Esme leans forward, her dark hair brushing the cold marble. Iwatch her brow furrow as she scans the list. She doesn't recognize most of the names, I can tell, but I know a couple still stand out beside Helena’s. And they are all Salem ancestors. Her breath catches.
“There's more to your friendship with my family than you told me,” she murmurs, straightening up, her eyes accusing. “You're holding back information.”
“I'm merely keeping my word to your ancestors,” I reply, the statement both true and a deflection. “I made promises. I do not break them lightly.”
“What is that supposed to mean?” she demands, her voice rising.

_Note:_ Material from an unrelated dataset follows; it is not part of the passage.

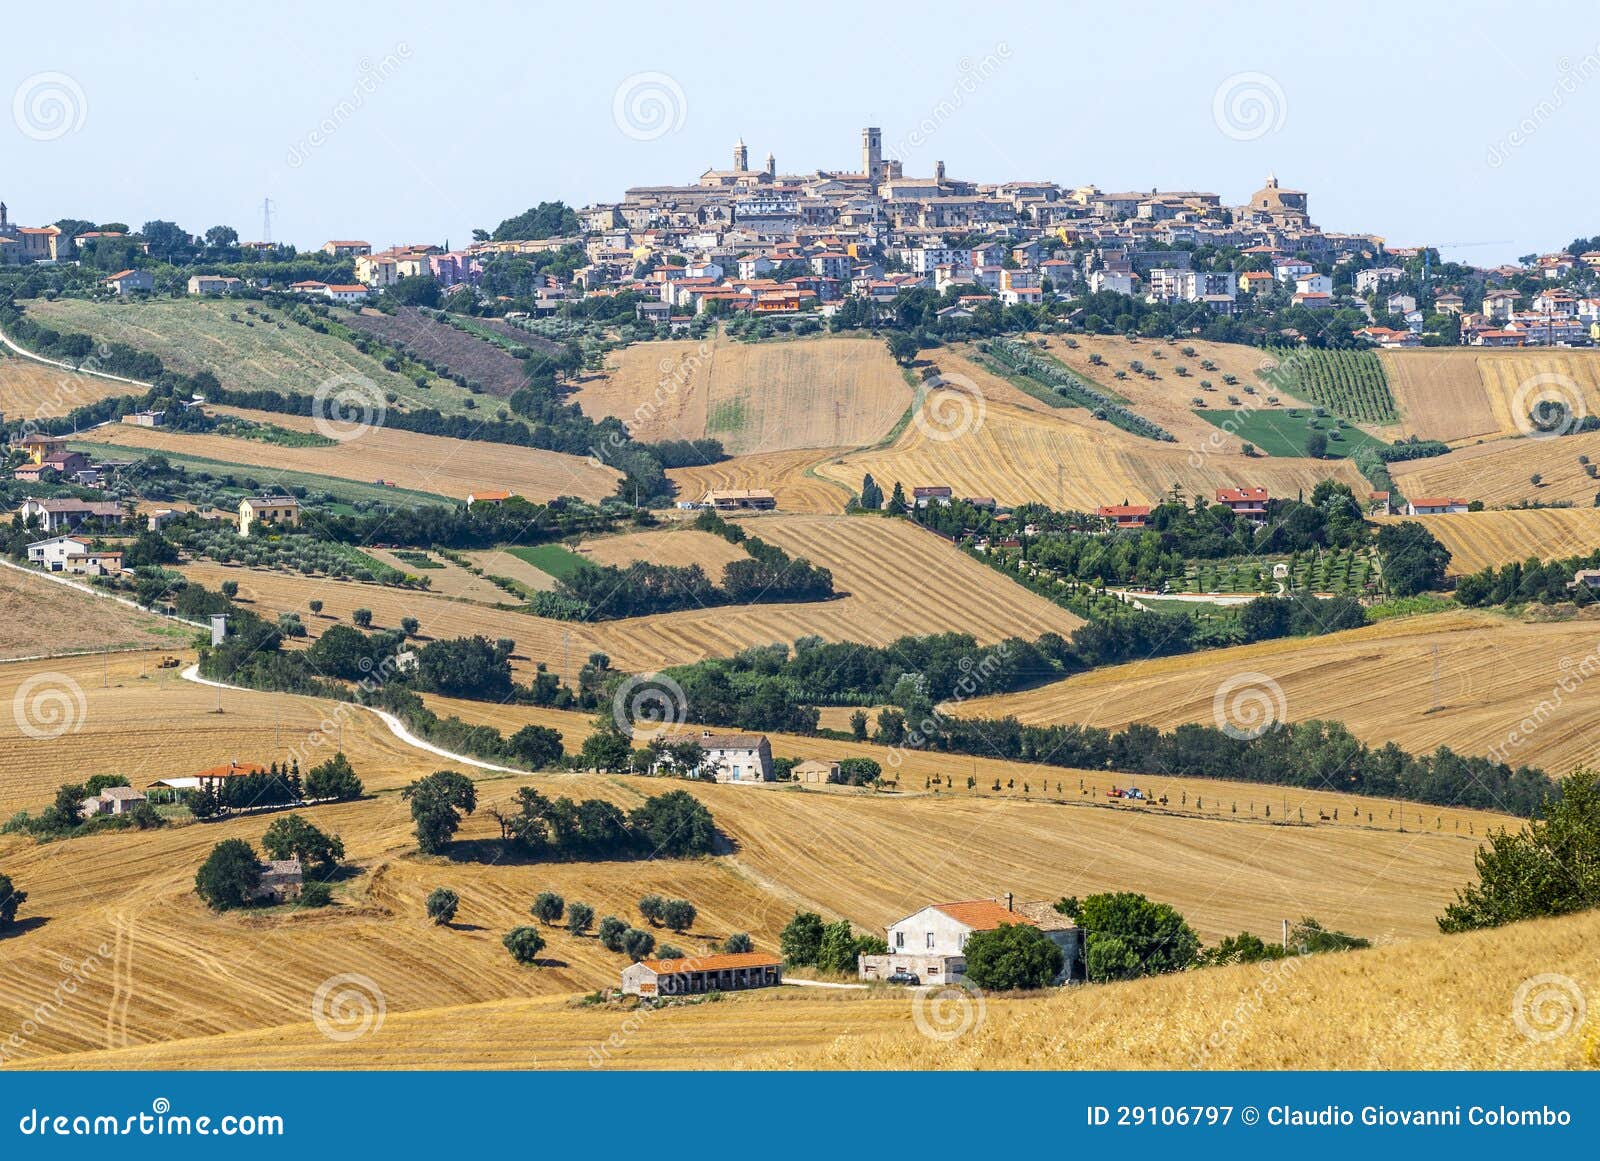 panoramic view of potenza picena

I finally meet her gaze, letting her see a sliver of the truth, a calculated crack in the wall of history I have built around her. “The alliances I made with the Salems sometimes went against the treaties signed between the dragons and the darkbloods,” I say. “Some secrets were meant to be kept for the good of all. Even from their own descendants.” Her face pales slightly, the implications of my words settling like a shroud over the stories she’s been told her entire life.
Her mind is reeling; I can see it in the slight widening of her eyes, the way her lips part as if to ask a question she doesn't know how to form. Before she can regain her footing and press for answers, Nyssa turns our attention elsewhere. She points to a small, unassuming display set apart from the others.
“What is that, my lord?”
It’s a simple object, a silver disc no larger than my palm, round like a belt buckle. Runes I know intimately are etched into its surface, the deep crevices filled with a dark red enamel that looks like dried blood. In the center, the three-headed serpent of the old Salem family crest rests, seemingly inert. The memory of the first time my fingers brushed against it, the cold shock that jolted through me, hits with an almost physical force.

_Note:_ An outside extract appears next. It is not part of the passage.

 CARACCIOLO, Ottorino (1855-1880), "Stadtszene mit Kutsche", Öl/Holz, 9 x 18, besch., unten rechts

“Dayn,” Esme whispers, her voice barely audible. “What is this?”
“Just a keepsake,” I reply.
“A keepsake?”
“It’s from a belt buckle worn by Arturius Salem, the youngest of the Salem sons who fought in the Blood Wars. It bears no real use or significance,” I lie, a cold knot tightening in my chest. “I convinced my father to preserve it as a museum artifact. To the dragons of old, it serves as a reminder of how far one is willing to go for victory. To the dragons of youth, it’s meant as a warning.”
“A warning of what, my lord?” Nyssa asks, her brow furrowed with earnest curiosity.
“A warning of what will happen if we do not learn from our past mistakes,” I say, my gaze sweeping over both of them, a prince delivering a sermon. “Alliances were what kept the balance in the world above. When alliances broke, blood was shed, lives were lost, and we ended up in Draethys, confined to the bowels of the earth for our survival.”
Esme never takes her eyes off me. Her focus is sharp and piercing. I’m well aware that she has picked up on the subtle tells—the slight stiffness in my shoulders, the way my words are too perfectly measured. She knows I’m not being entirely truthful with regard to the buckle. She keeps her lips pressed in a tight line, a single vein throbbing in the pale skin of her neck, a frantic, tiny pulse I suddenly long to feel against my tongue.
I move to the adjacent display, a deliberate shift of my body to distract attention. “And that’s my personal ceremonial sword,” I say, my voice steady, betraying none of the turmoil her focus on the buckle has stirred. The steel blade rests on a bed of dark velvet, runes of enhancement a silver river down its center. “I used it for the peace treaty signing, among other important occasions.”
“Which peace treaty?” she replies. “No, wait, it doesn’t matter. You probably ended up breaking all of them anyway.”
Nyssa, ever the loyal subject, frowns. “I thought it was the darkbloods who betrayed the dragons at the Battle of Emerald Hill.”
“Emerald Hill?” Esme repeats, her head snapping toward Nyssa. “No. The dragons turned their fire on us instead of the clearbloods.”